Thankfully, tools such as step and Selenium have emerged in the mean time and the options provided by the open-source scene are much more satisfying these days. I must say also that some of the older open-source tools like Grinder or JMeter (which still seems to have a strong community to this day) didn't work too bad and relieved some of the pain in the performance testing department at times. It just depended on what exactly you had to do with them. The main problem being that again, they were not initially designed with the idea of sharing and reusing for other tasks in mind (across an entire dev-ops pipeline).

But tools themselves are not enough and I can't blame this entirely on them. A lot also had to do with the way we were approaching these things and back when I was mostly a Performance Tester, I'll confess I wasn't what I now consider a good developer in the sense that no one had really taught me what a good way of organizing my code was, nor why. Not even when I was in college, studying software engineering. Or did I just not pay enough attention to that part of the course back then? ;)



True modularity : the keyword approach


So there I was, stuck in that situation where no one really had a thoughtful approach to solving this problem at the industrial level at the time. And then things changed. I found out about the keyword approach and got a chance to work on a very innovative project for a client, in which we were able to design our testing platform from scratch. And we decided to embrace some of the concepts of that keyword approach and shoot for the best possible tradeoff between modularity, performance, maintainability and ease-of-use.

If I had to summarize this approach in one sentence I would say it's a way for people to create their own framework, their own domain-specific language almost, which will then allow them to describe the aspects of automation and test logic in a way that's relevant to their own business or application model.

And we'll do this in a very clean way, meaning that we'll use some solid interfaces for passing inputs and outputs to and from these keywords. We'll treat each little script as a little blackbox, so that higher level users don't have to concern themselves with code. Instead, they'll just use scripts like Lego's to implement their testing strategy.

As a result of that initial descriptive effort, many services and tasks can be streamlined and served in a unified way, where before, each would potentially have their own implementation based on a number of factors.

This basically means that we're going to analyze our needs and split the business or application logic into atomic chunks of behaviour. The level of atomicity or "amount of behaviour" we'll wrap into a keyword object is key here because the more chunks the more scripts and keywords to maintain and execute, but the larger the chunks, the less modular and less reusable.

Anyhow: once you've exposed your scripts as keywords with a definition of their expected inputs and outputs, you can use them as building blocks to design your tests cases.

Whether it's the logic that varies (you're testing different scenarios by using different sequences or combinations of keywords) or the data (you're performing data-driven scenarios with large volumes of different inputs but using mostly the same logic and thus, keyword combination), it becomes very easy to combine them into a test plan. The image below illustrates this concept.




By the way, in practice, we find that the Pareto rule applies and that on average, 20% of the keywords (the most important ones) will be involved in 80% of the test scenarios. Therefore, and in order to limit costs, it is advised to identify these key functions early and implement them first. You can always decide to maximize your automated test coverage down the line.

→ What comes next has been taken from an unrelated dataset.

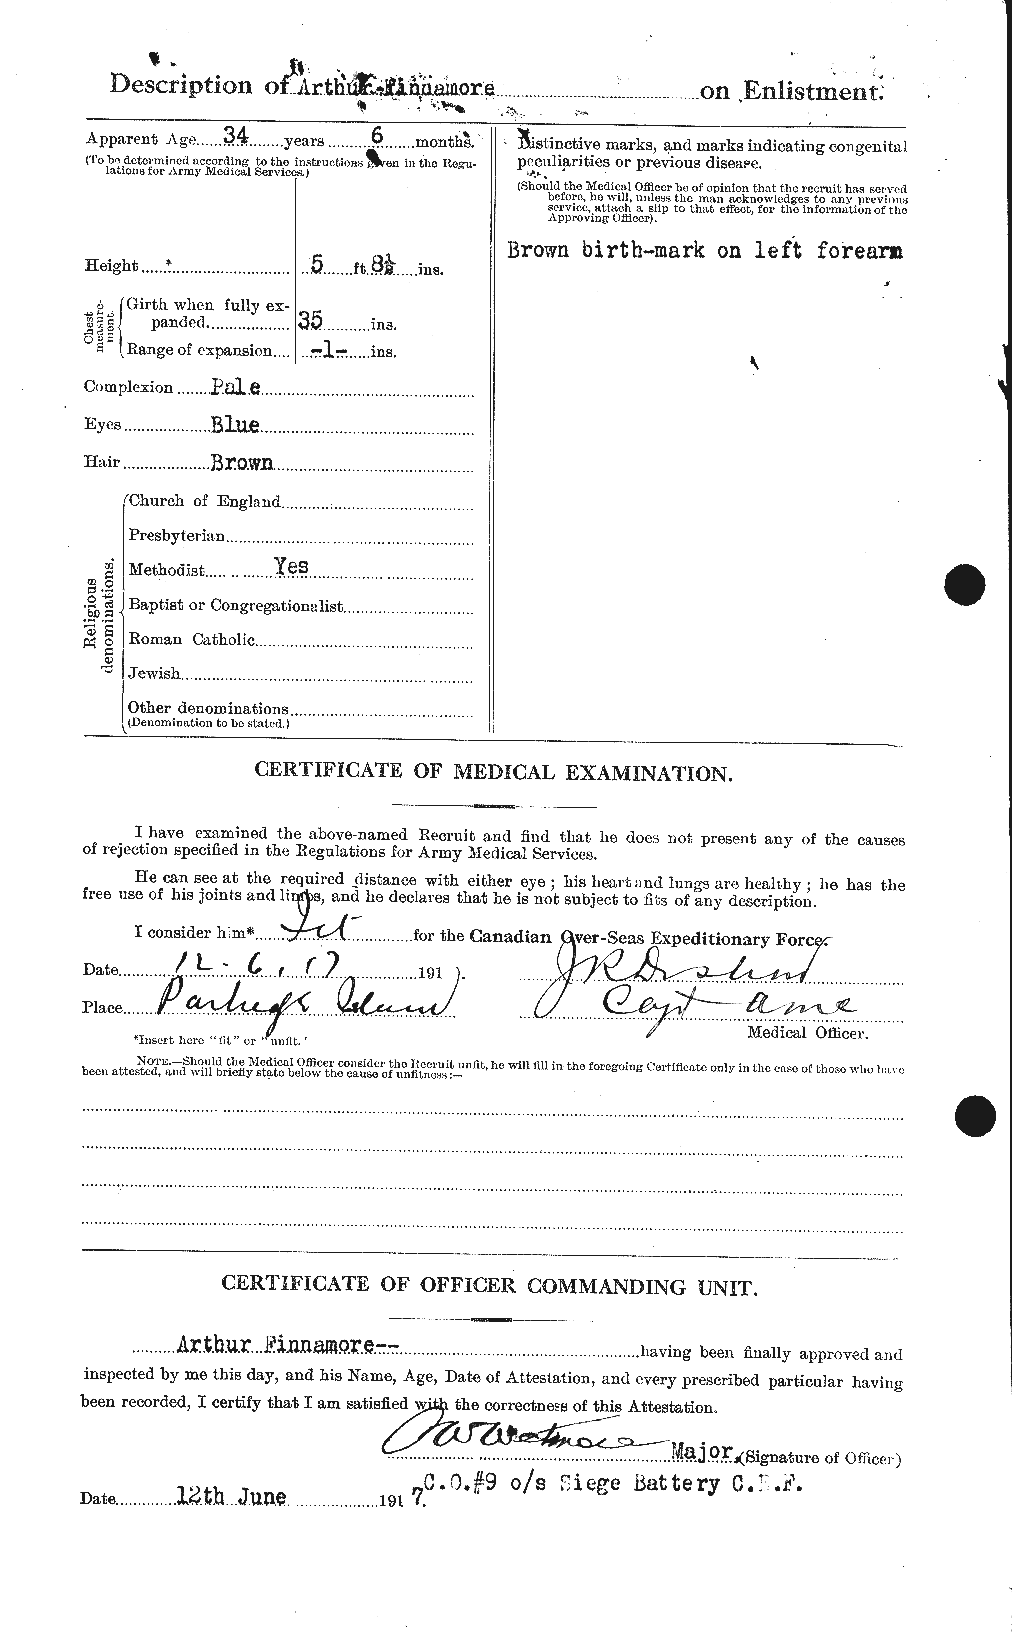 Personnel Records of the First World War - CEF 328535b

Now, as I stated earlier, one of the beauties of this, is that once you've found the granularity level that you need, you'll be able to streamline all of the different tasks related to testing, based on that framework that you've just created for yourself.

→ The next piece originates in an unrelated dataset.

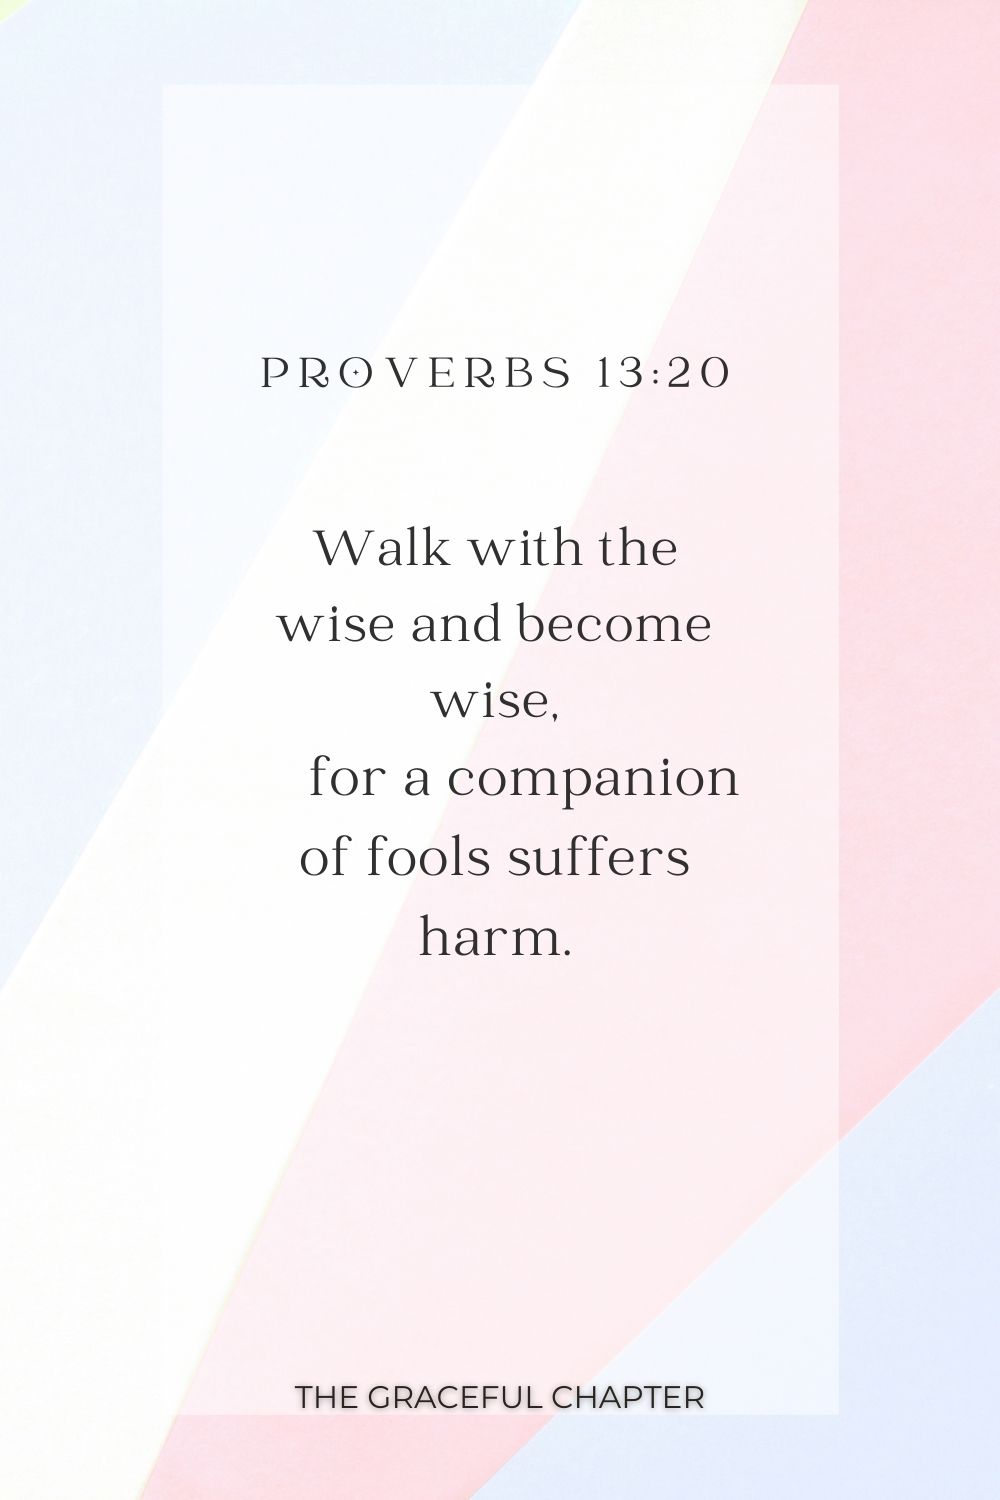 Walk with the wise and become wise,     for a companion of fools suffers harm. Proverbs 13:20

Here are some of these services you'll be able to deliver in a truly unified way, meaning independently from the underlying scripting tool, coding style or simulation approach, just as long as you're building your tests around keywords:
  • instantly exposing all test artefacts to other testers and users for reuse
  • presenting test results, errors and performance data (and in a way that makes sense to both technical and business teams)
  • reusing and deploying test cases for multiple purposes and types of tests (synthetic monitoring, performance testing, batched functional testing, etc)
and also (although these are not pure advantages from the keyword approach, but they become much easier to implement and build into your platform if you're using that approach) :
  • monitoring your tests in real time
  • managing test results and test meta data
  • rationalizing and managing your test infrastructure resources across all projects
  • planning, orchestrating and triggering test executions

Now, this is what the word "efficiency" means to us. We're not just talking about isolating a piece of code as a library anymore here !

On a more technical note, in the context of the step project, all of this meant that we had to come up with a dedicated architecture and a fully optimized stack to make this possible at scale and to provide our users with the best possible experience. And this was quite a challenge. I'll write more on this in future blog entries because I think there's a lot of interesting technical content to share there.


Signing off from Le Bonhomme.